O presidente da entidade também alerta para a Medida Provisória (MP) n.º 927, do governo federal, publicada no último dia 22. "Os professores poderão receber o adicional de um terço do salário até dezembro. Pela CLT, o valor precisa ser pago até 48 horas antes do início das férias", revela.

UNIFICAÇÃO

Diretor pedagógico de uma escola privada de Bauru, João Alfredo Carrara faz parte de um grupo, via WhatsApp, que reúne diversos coordenadores de colégios particulares do município. 

Lá, os seus membros discutem, dentro das normativas atuais, os próximos passos em meio à pandemia da Covid-19. "O nosso objetivo é tomar a mesma decisão para que os professores não saiam lesados, afinal, vários deles lecionam nas mesmas escolas", observa.

Então, dez colégios integrantes do grupo resolveram antecipar os 30 dias das férias de julho para abril. "O Sindicato dos Professores se manifestou contrário à decisão do governador, dos mantenedores e dos próprios docentes. Muitos, inclusive, se dispuseram a assinar um documento, se necessário, concordando com a medida", frisa.

Além disso, o grupo também decidiu parar por dez dias, em outubro, para que os estudantes e professores tenham mais um momento de descanso. "Nós entendemos que é complicado tocar direto", justifica.

DIÁLOGO

Subsecretário de Articulação Regional da Secretaria de Educação do Estado, Henrique Pimentel afirma que todas as medidas implantadas pela pasta ocorreram após muito diálogo junto aos envolvidos.

Para ele, a antecipação das férias visa, justamente, garantir o cumprimento dos 200 dias anuais, previstos em lei. "Embora não seja ideal, porque alunos e professores perderão as férias, que utilizariam para outros afazeres a não ser ficarem em casa, a decisão tem por objetivo oferecer condições de completar o ano letivo tanto na rede pública quanto na privada", ratifica.

Ainda de acordo com Henrique, os colégios particulares possuem autonomia para optar ou não pela antecipação das férias. "Eles podem se voltar ao Ensino a Distância (EaD), desde que cumpram a exigência dos 200 dias anuais", complementa.

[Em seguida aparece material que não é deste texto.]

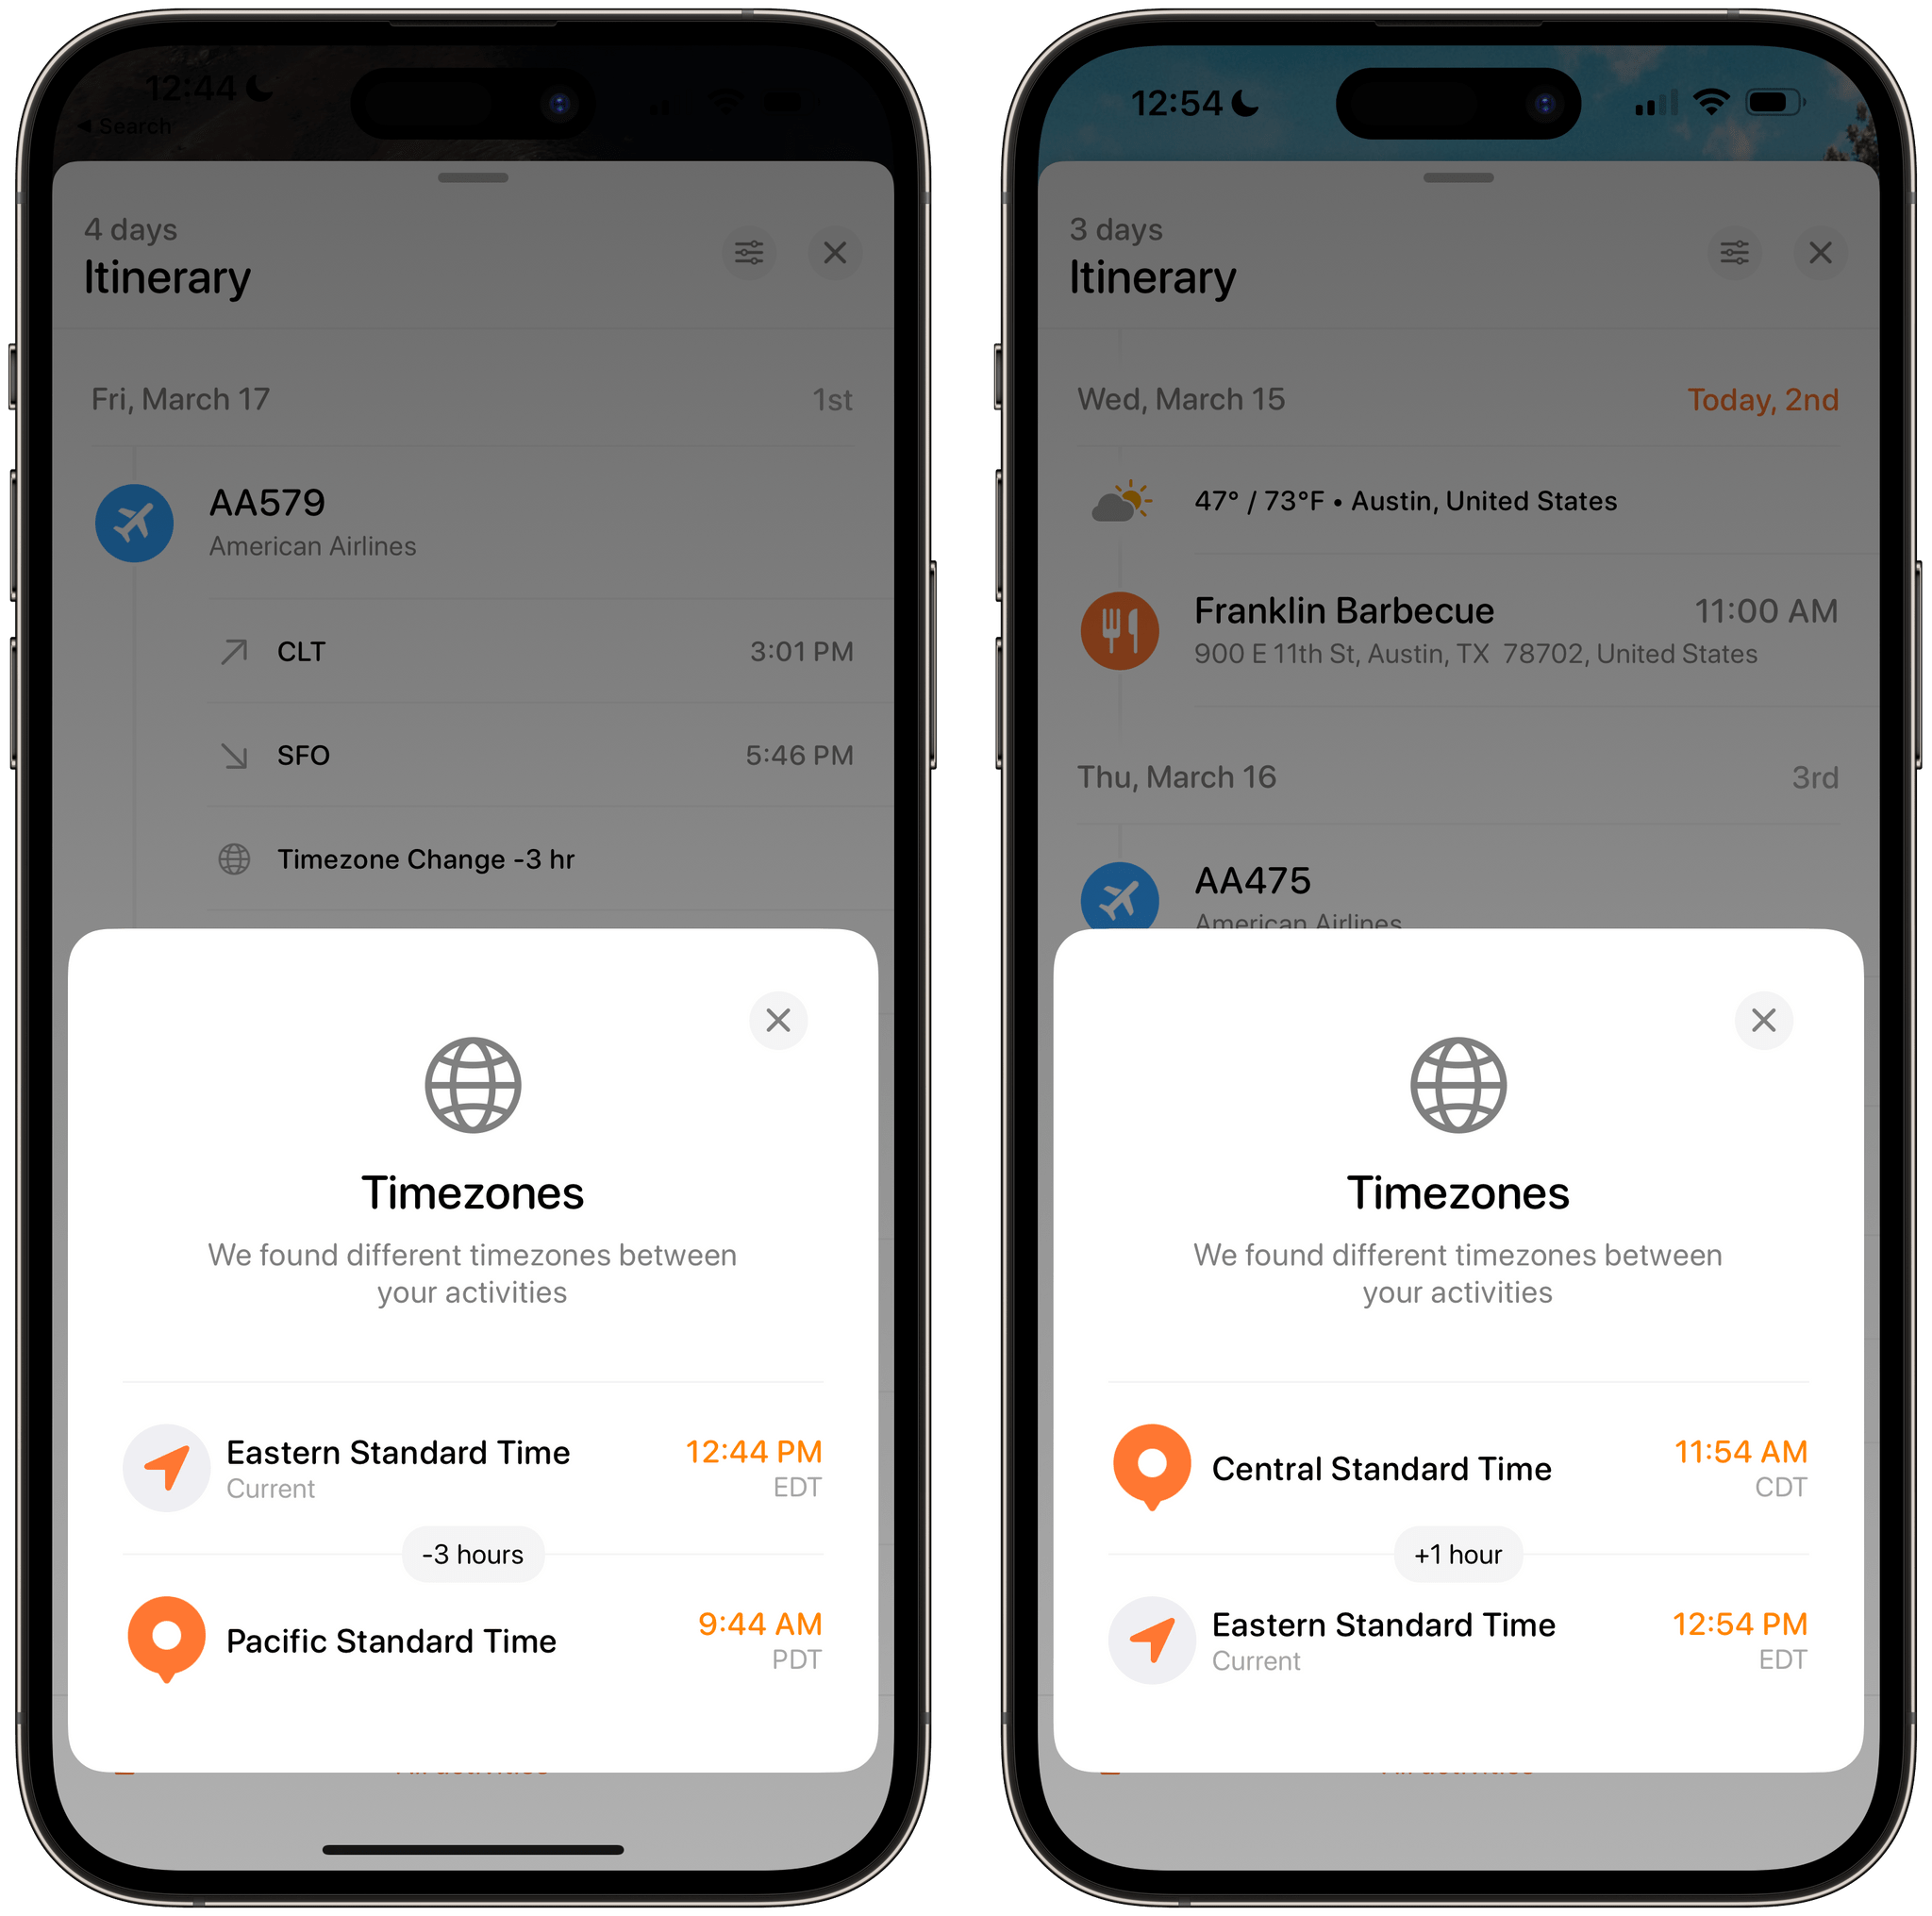 Tripsy has made it easier to keep track of time changes as you travel.
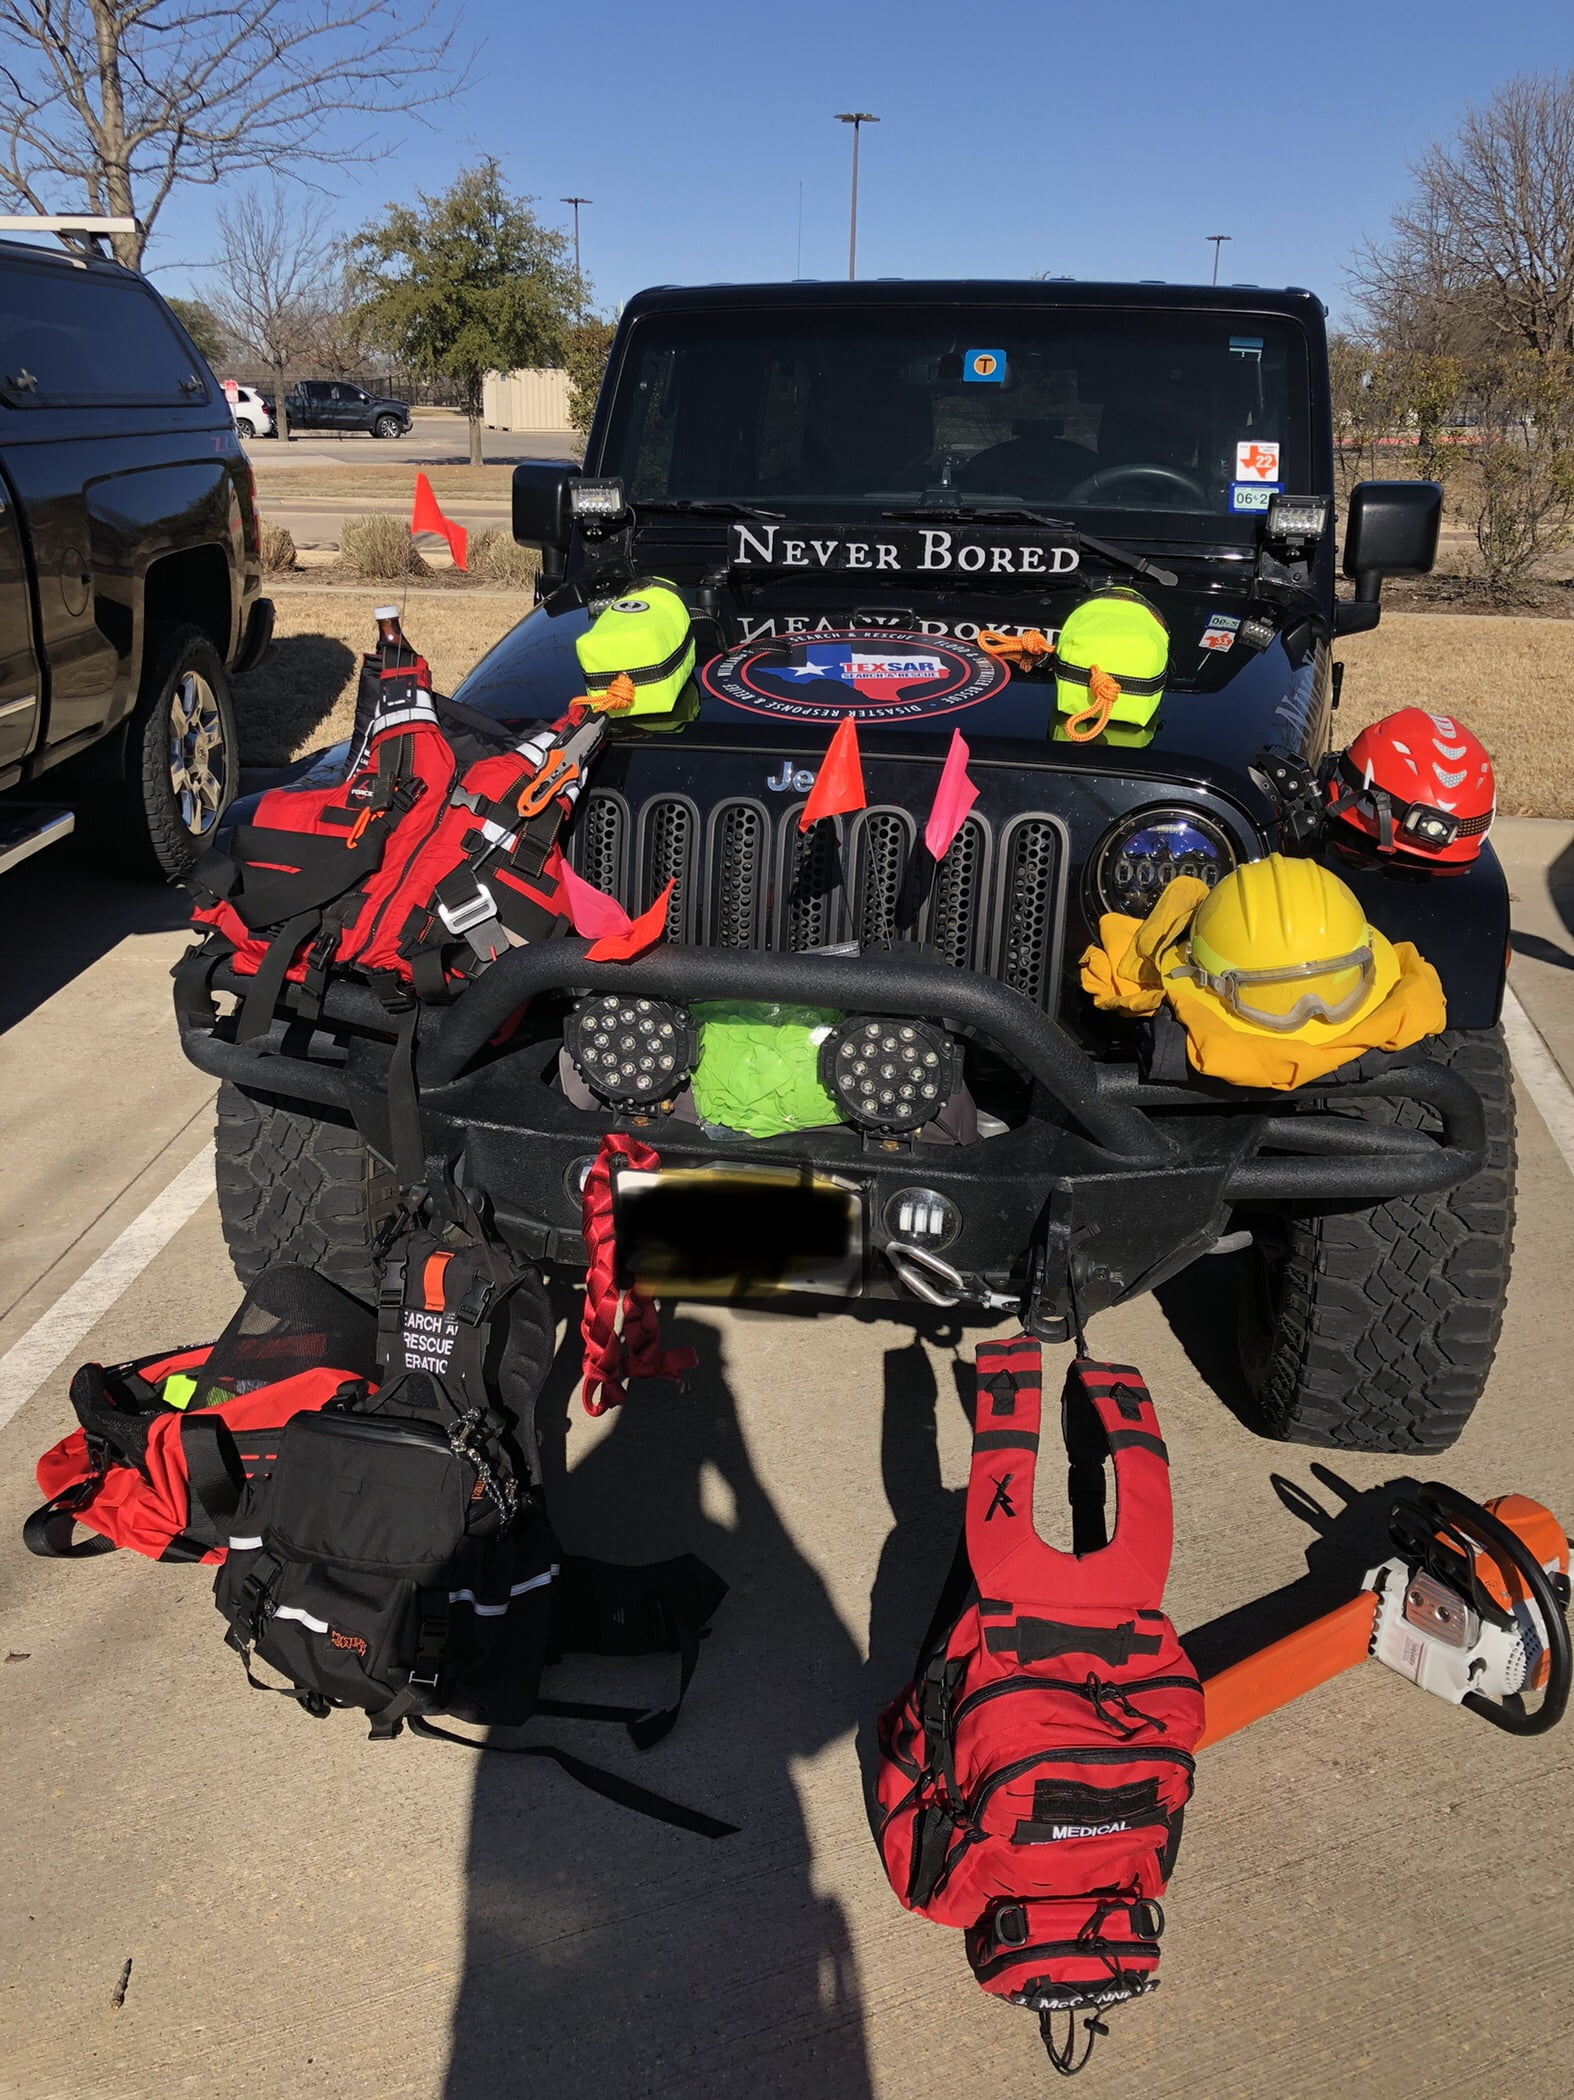 Jeep with first responder gear containing gear for security, safety, and medical response

Questionado sobre a possibilidade de as escolas privadas sofrerem algum processo trabalhista por conta da medida, ele defende a retomada posterior da discussão. "Estamos vivendo em um cenário muito atípico no Brasil, especialmente, no Estado de São Paulo, que concentra grande parte dos casos confirmados da doença. Agora, portanto, é um momento de união de forças", finaliza.